- **WHAT YOU ARE ASKED TO DO**
The whole listing below needs to be duplicated exactly, pictures aside.
** PROVIDED MATERIAL follows **
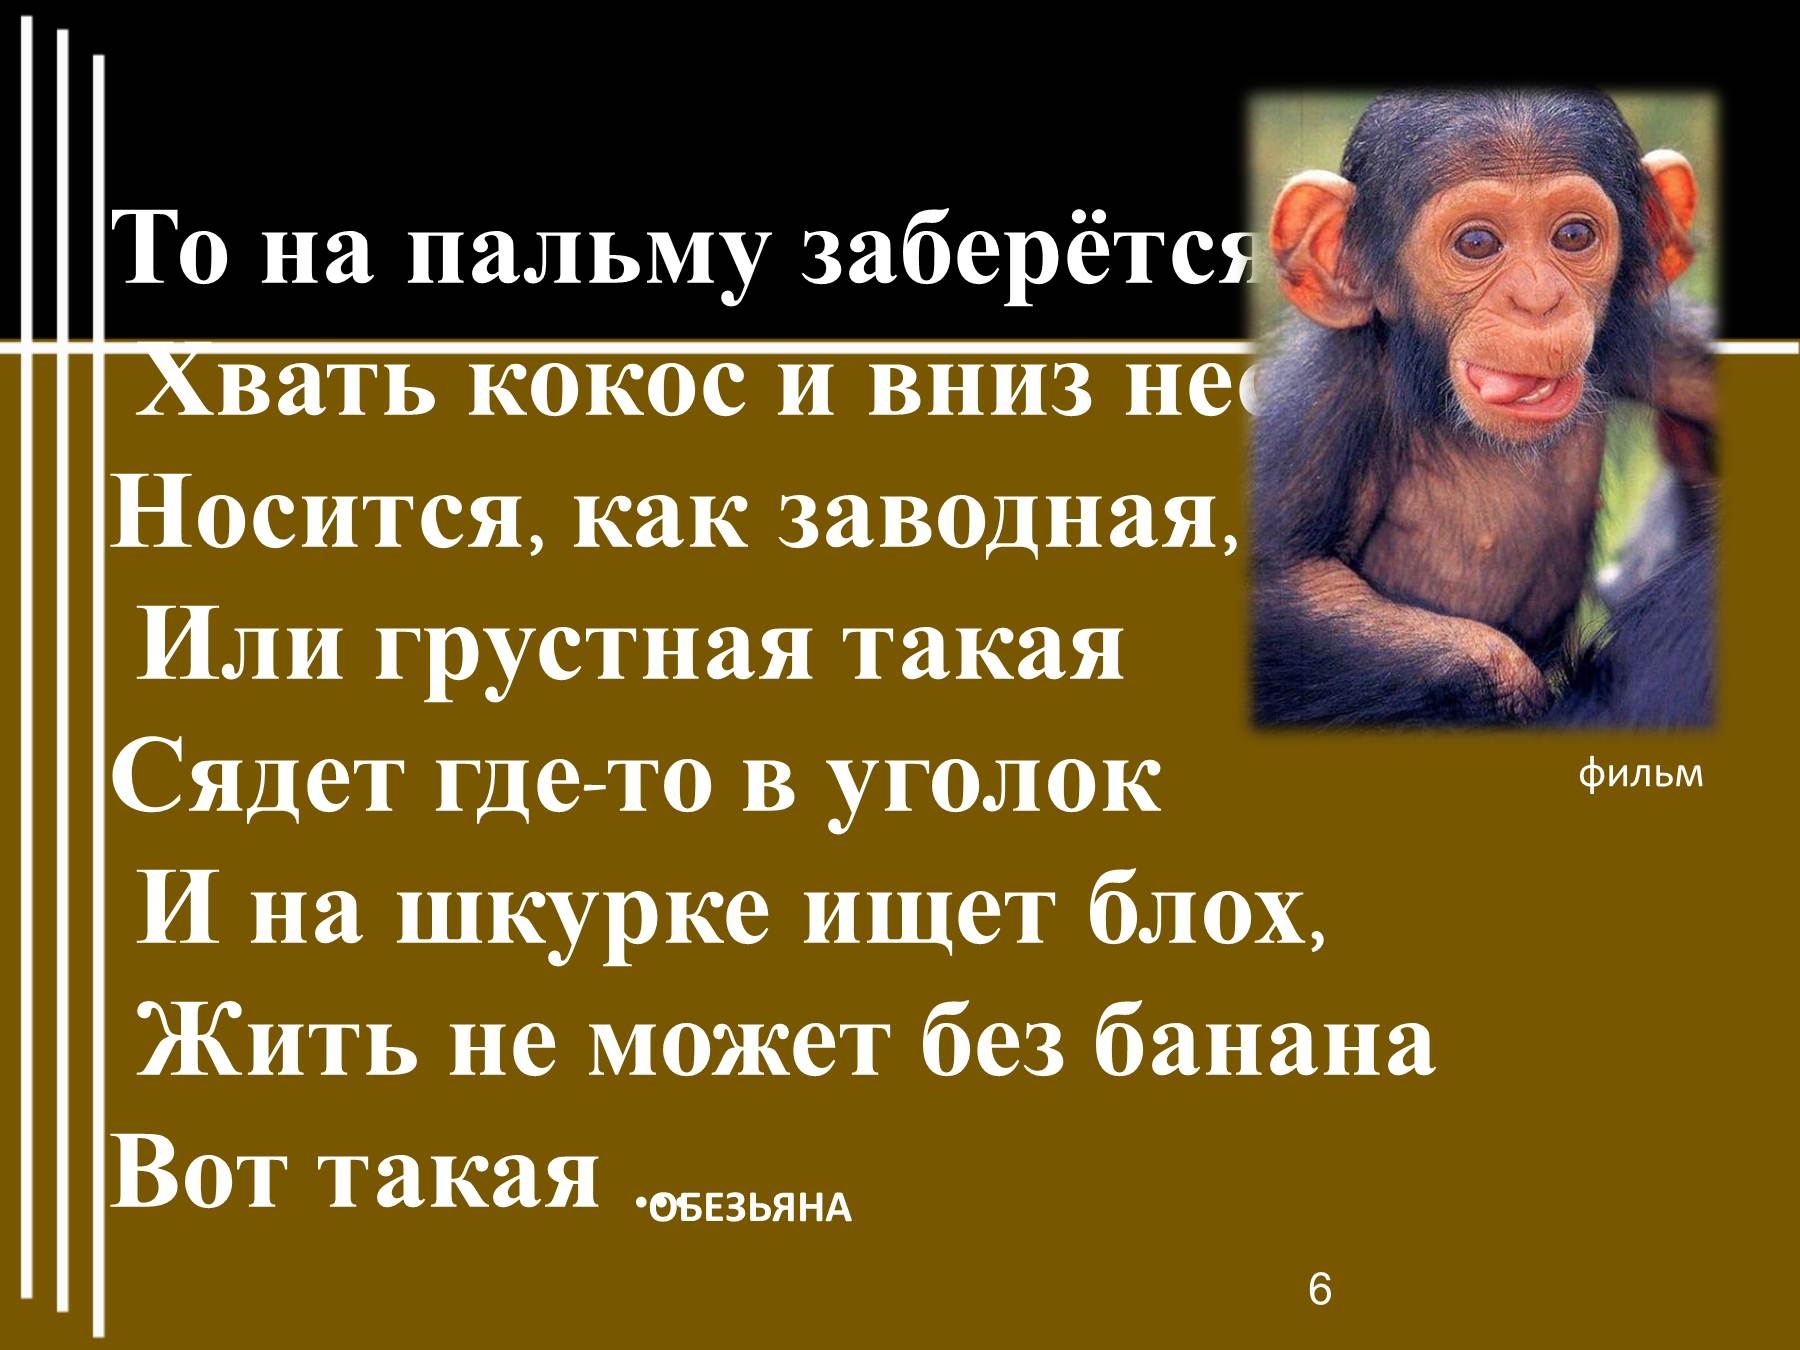 Вопросы к про обезьянку 3 класс. Про обезьянку 3 класс. Житков про обезьянку. Предложение про обезьяну. Рисунок к рассказу про обезьянку.
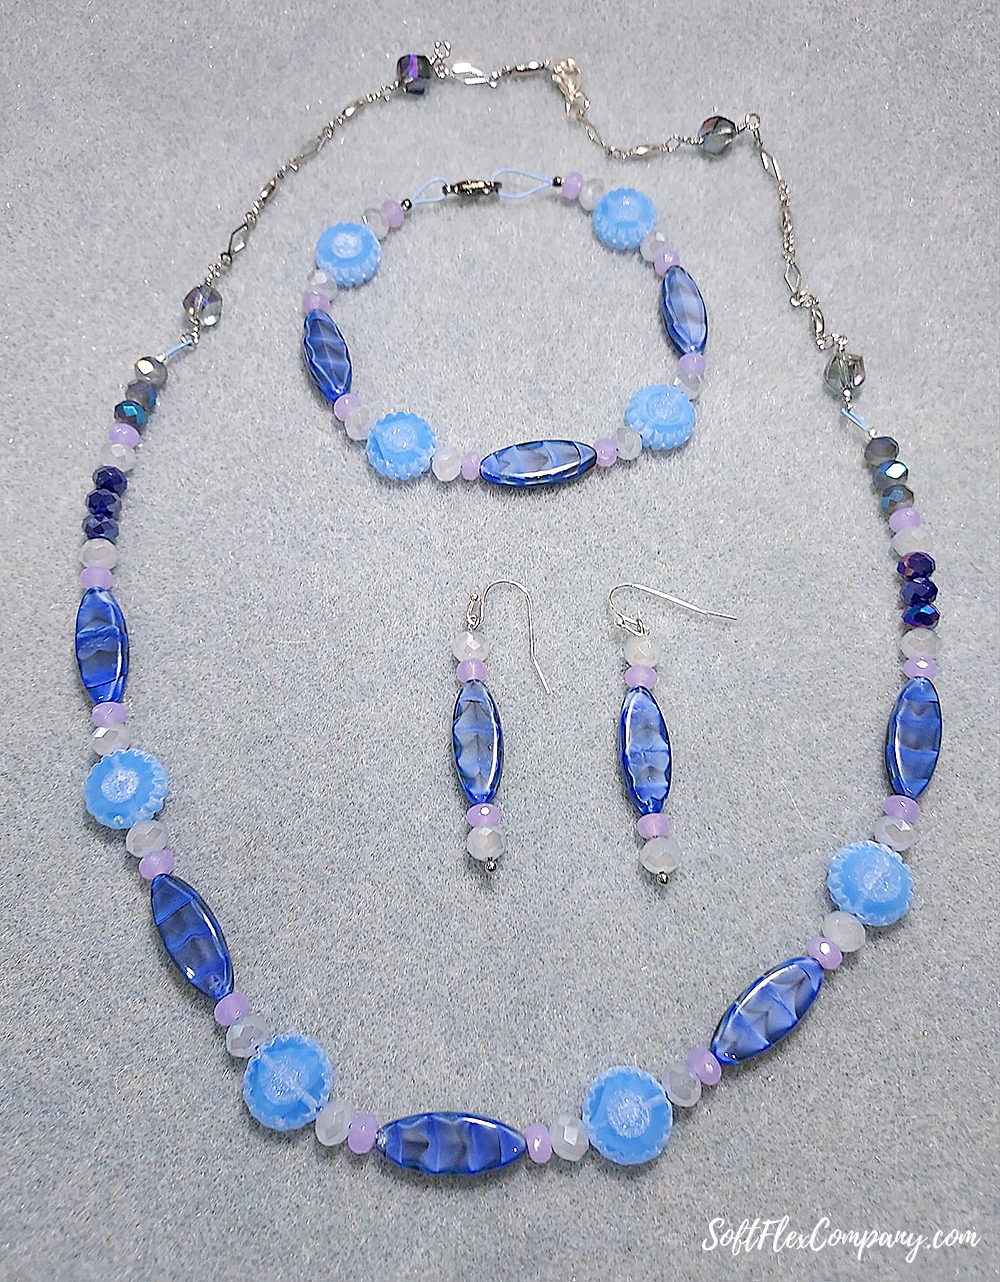 Rainy Day Blues Jewelry Design by Carey Marshall Leimbach
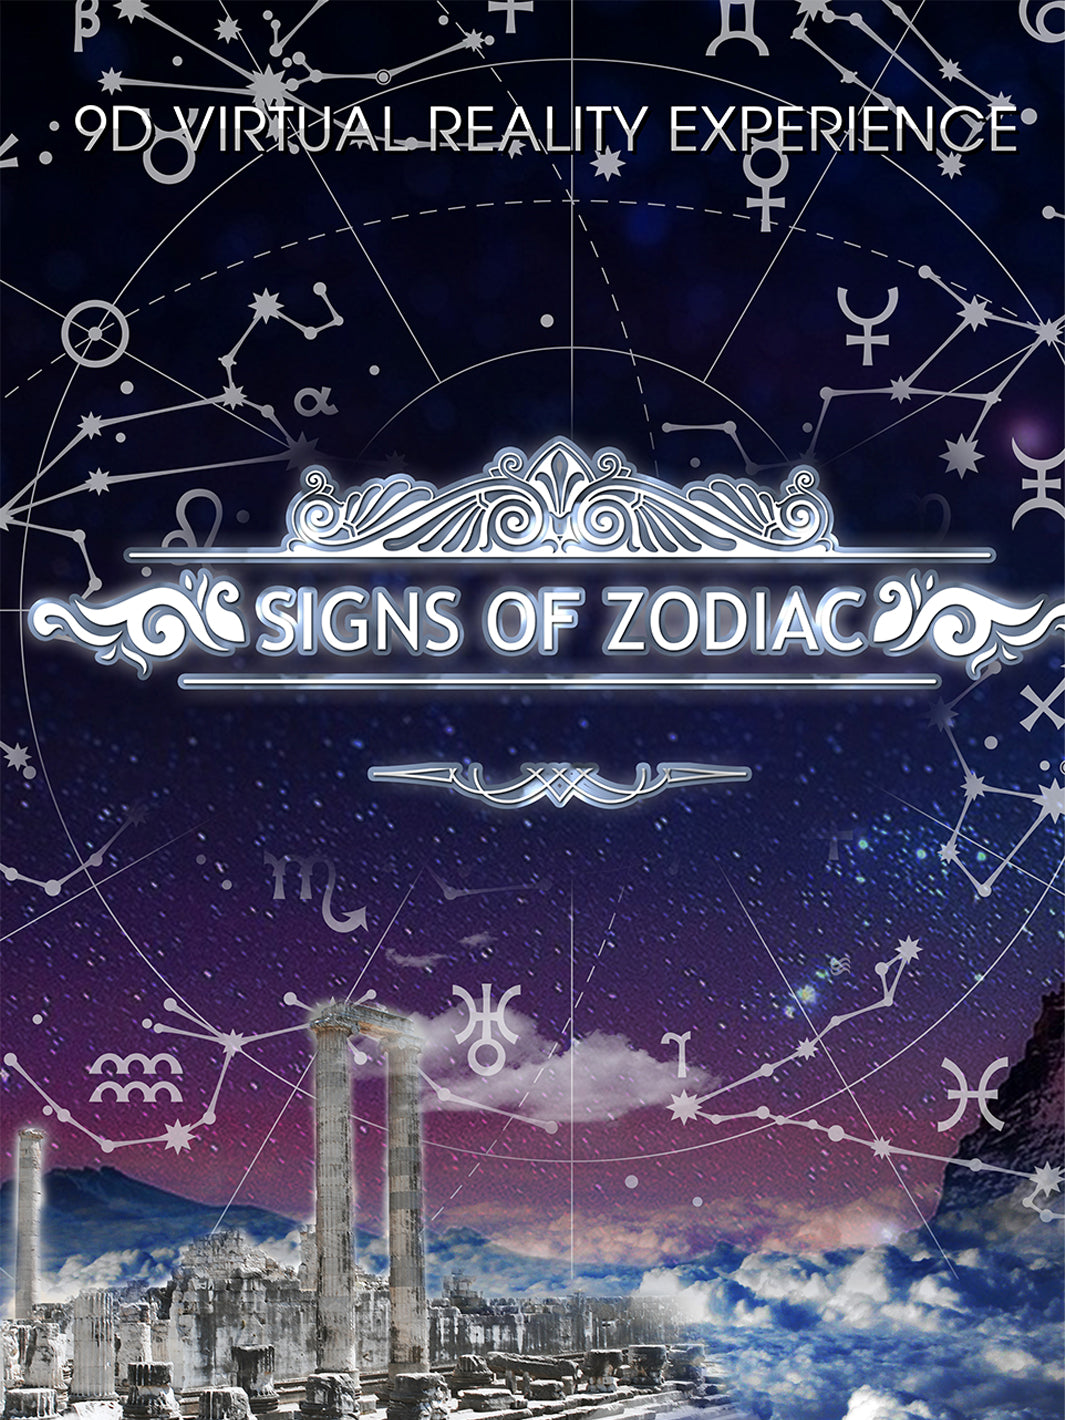 signs of zodiac - ShallxR VR Games
** End of PROVIDED MATERIAL **
- **RESPONSE FOR THIS EXERCISE**
 Вопросы к про обезьянку 3 класс. Про обезьянку 3 класс. Житков про обезьянку. Предложение про обезьяну. Рисунок к рассказу про обезьянку.
 Rainy Day Blues Jewelry Design by Carey Marshall Leimbach
 signs of zodiac - ShallxR VR Games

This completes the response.